Calculate t-test with NumPy

2024-09-26 356 words 2 minutes

Contents

t-test compares the means of two groups (two-sample t-test) to determine whether they are significantly different from one another.

In Python, the NumPy library does not have a built-in function to perform the two-sample t-test. But you can calculate a two-sample t-test manually using the NumPy.

Two-sample t-test formula:

$https://latex.codecogs.com/svg.image?\huge&space;&space;t=\frac{\bar{x_1}-\bar{x_2}}{\sqrt{\frac{s_1^{2}}{n_1}+\frac{s_2^{2}}{n_2}}}$

Where, x̄1 and x̄2 are sample means, s1 and s2 are standard deviations of the samples, and n1 and n2 are the sample sizes.

The following example explains how to perform a two-sample t-test using NumPy in Python.

Sample dataset

Create sample datasets for two groups,

# import packages
import numpy as np

# create sample datasets
group1 = [10,12, 9, 12, 14, 11, 16, 14, 13, 10]
group2 = [20,22, 29, 24, 24, 21, 18, 26, 29, 30]

Calculate mean for samples

Calculate the mean values for group1 and group2,

# import packages
import numpy as np

# calculate mean
group1_mean = np.mean(group1)
group2_mean = np.mean(group2)

Calculate sample variances

Calculate the variances for group1 and group2,

# import packages
import numpy as np

# calculate variances
group1_var = np.var(group1, ddof=1)  
group2_var = np.var(group2, ddof=1)

We calculated the sample variance using the degree of freedom (n-1).

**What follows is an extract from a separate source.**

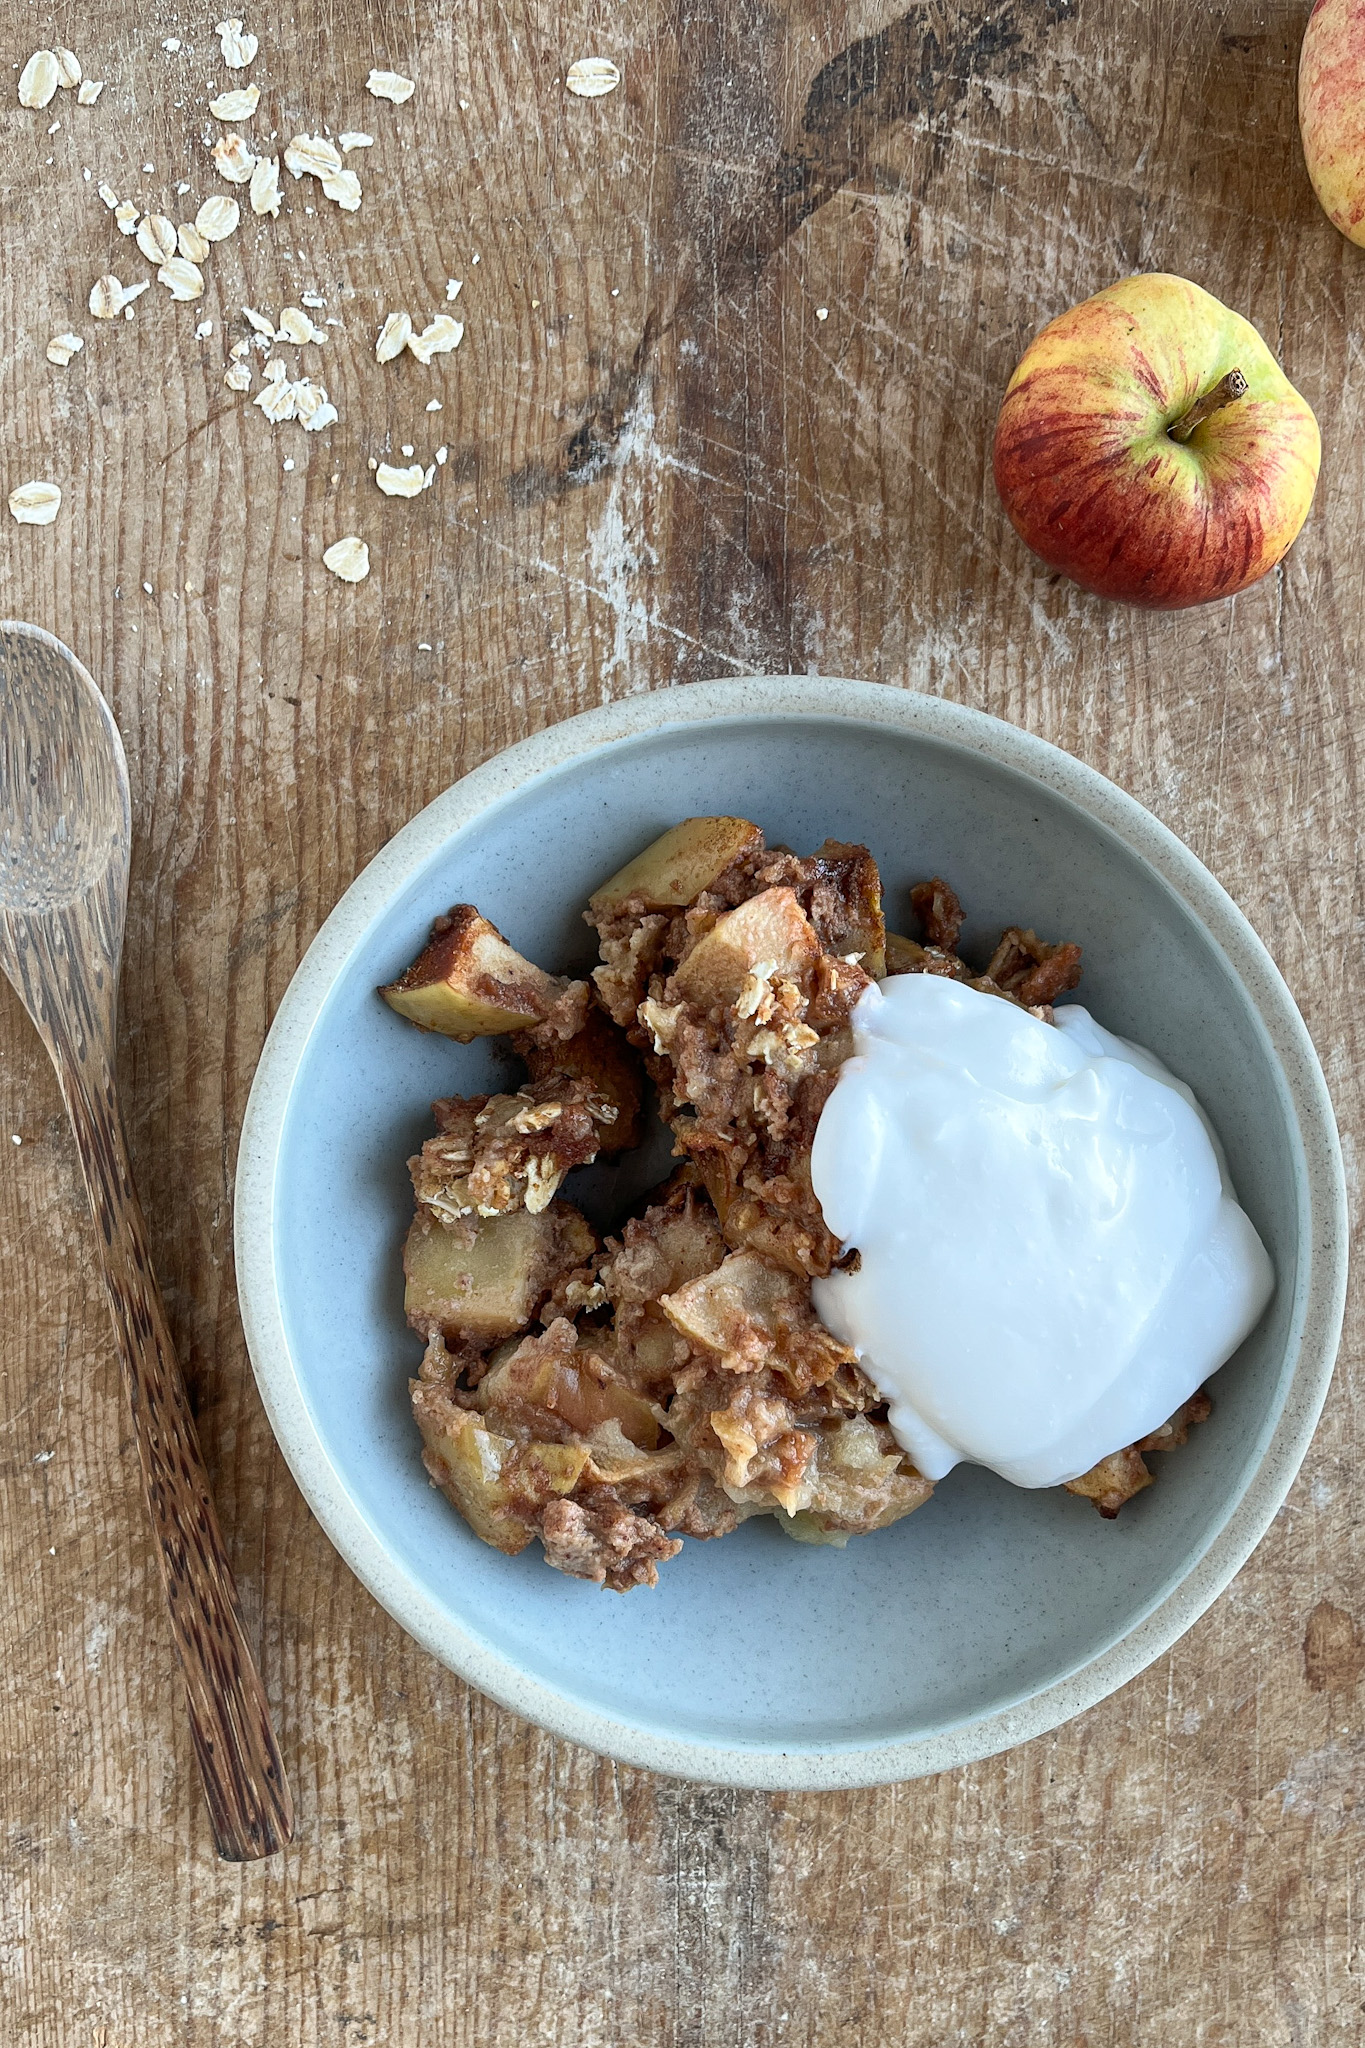 This easy-to-make apple crumble recipe is a seasonal start combining deliciousness and health benefits.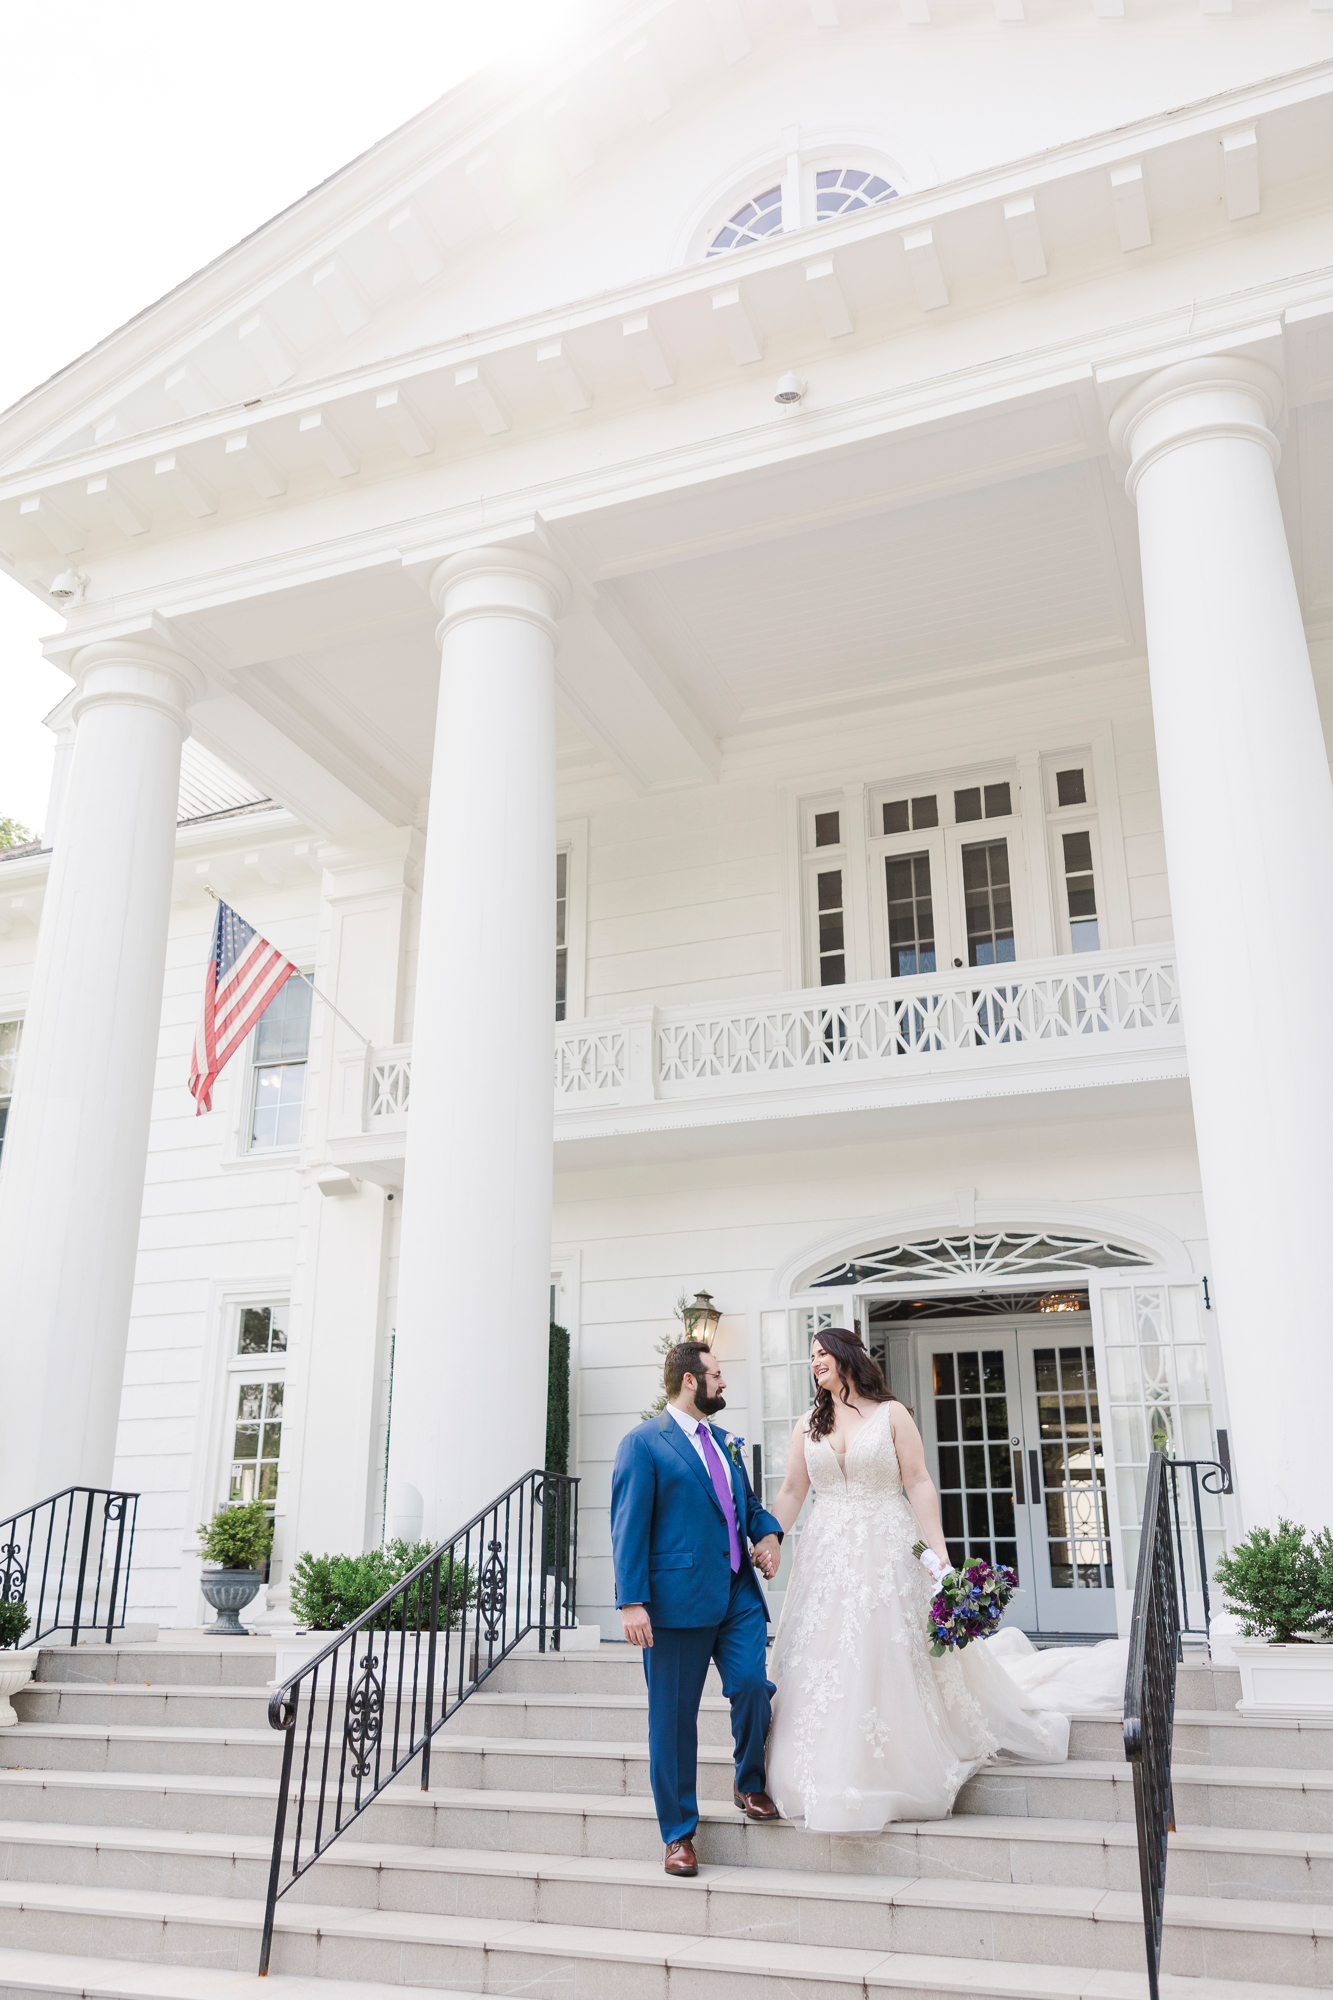 Gorgeous Wedding at Briarcliff Manor in New York

The ddof represents the degree of freedom which is 0 by default in numpy.

As we have a sample from a larger population, the use of ddof=1 gives the unbiased estimator of the variance of the population.

Calculate t-value and p value

Calculate the two-sample t-test formula

# calculate variances
tval =  (group1_mean - group2_mean) / np.sqrt(group1_var/len(group1) + group2_var/len(group2))

tval

# output
-8.246088

The t-value for the two-sample t-test is -8.246088. We can use this t-value to calculate the p value.

We will use the sf function from scipy.stats.t module to calculate the two-sided and one-sided p value.

# import packages
from scipy.stats import t
import numpy as np

# two sided p value
t.sf(x=np.abs(tval), df=len(group1)-1)*2
# output
1.7362138464589428e-05

# one-sided p value
t.sf(x=np.abs(tval), df=len(group1)-1)
# output
8.681069232294714e-06

The p value for the two-sample t-test is statistically significant (p < 0.05). We reject the null hypothesis and conclude that the mean of the two groups are significantly different from one another.